While some of the cause for misinterpretation is likely due to my own communicative skills, there is also a difference in methodological attitudes at work: In empirical labor economics, researchers are very concerned with selection effects, and you need to have credible, “plausibly exogenous” variation in causal variables for your effects to be accepted as causal. In contrast, the Dunedin researchers write that randomized clinical trials only show “potential” effects while observational studies are needed to show “whether cannabis actually is impairing cognition in the real world and how much.”
To me, this sounds very odd:. We have several instances of randomized clinical trials contradicting effects identified in a large number of observational studies. Three of the most famous ones are described here (possibly gated): Hormone replacement therapy was thought to reduce female coronary heart disease risk but may actually increase it, beta-carotene seemed to reduce cancer risk in observational studies but actually increased it, and vitamin C had no effect on heart disease risk while observational studies indicated it was protective. Closer to the subject matter at hand, a 2007 meta-review of observational studies in the Lancet indicated a strong causal effect of cannabis use on schizophrenia risk. Some researchers pointed out that since increasing shares of young people had been using cannabis, this implied that the number of UK schizophrenia cases should rise strongly , but this didn’t happen and the importance of the link is now again in doubt.
What all these cases have in common is that there seemed to be convincing evidence from observational studies that there was an effect, but it turned out that the effect was largely due to subtle forms of confounding.
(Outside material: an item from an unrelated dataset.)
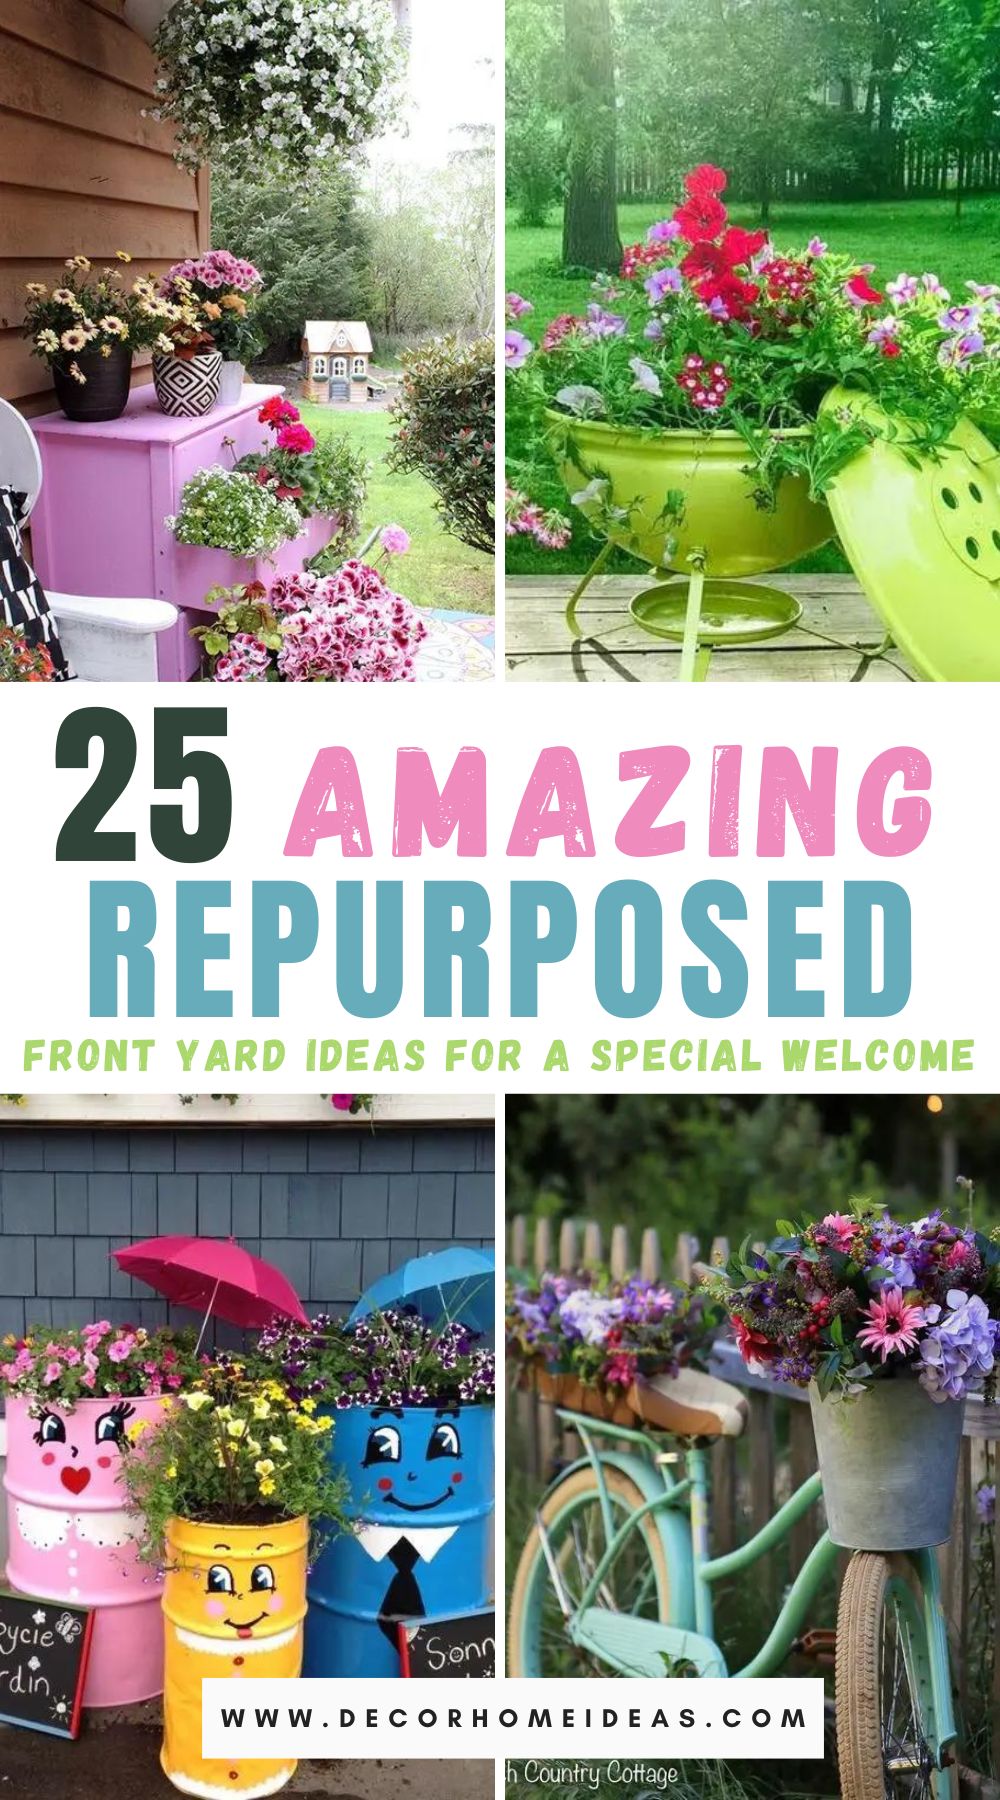 Transform your front yard with 25 creative and repurposed decorating ideas! Refresh your outdoor space with these unique and budget-friendly ideas.

The examples certainly do not show that, e.g., beta-carotene has a “potential” negative effect that is “actually” positive in everyday life - though that is what the argument from the Dunedin researchers seems to state. Instead, these cases show that causal inference from observational data is difficult. This is the perspective from which my argument comes. I don’t claim that the correlation observed in the Dunedin data is actually fully accounted for by non-cognitive traits. I argue that they have yet to tell us how groups defined by cannabis use patterns differ on other dimensions, and that they have yet to show us how robust their effect estimates are to “controls for causal back channels unrelated to neurotoxicity, simultaneous inclusion of multiple potential confounders, and changes to their statistical model.”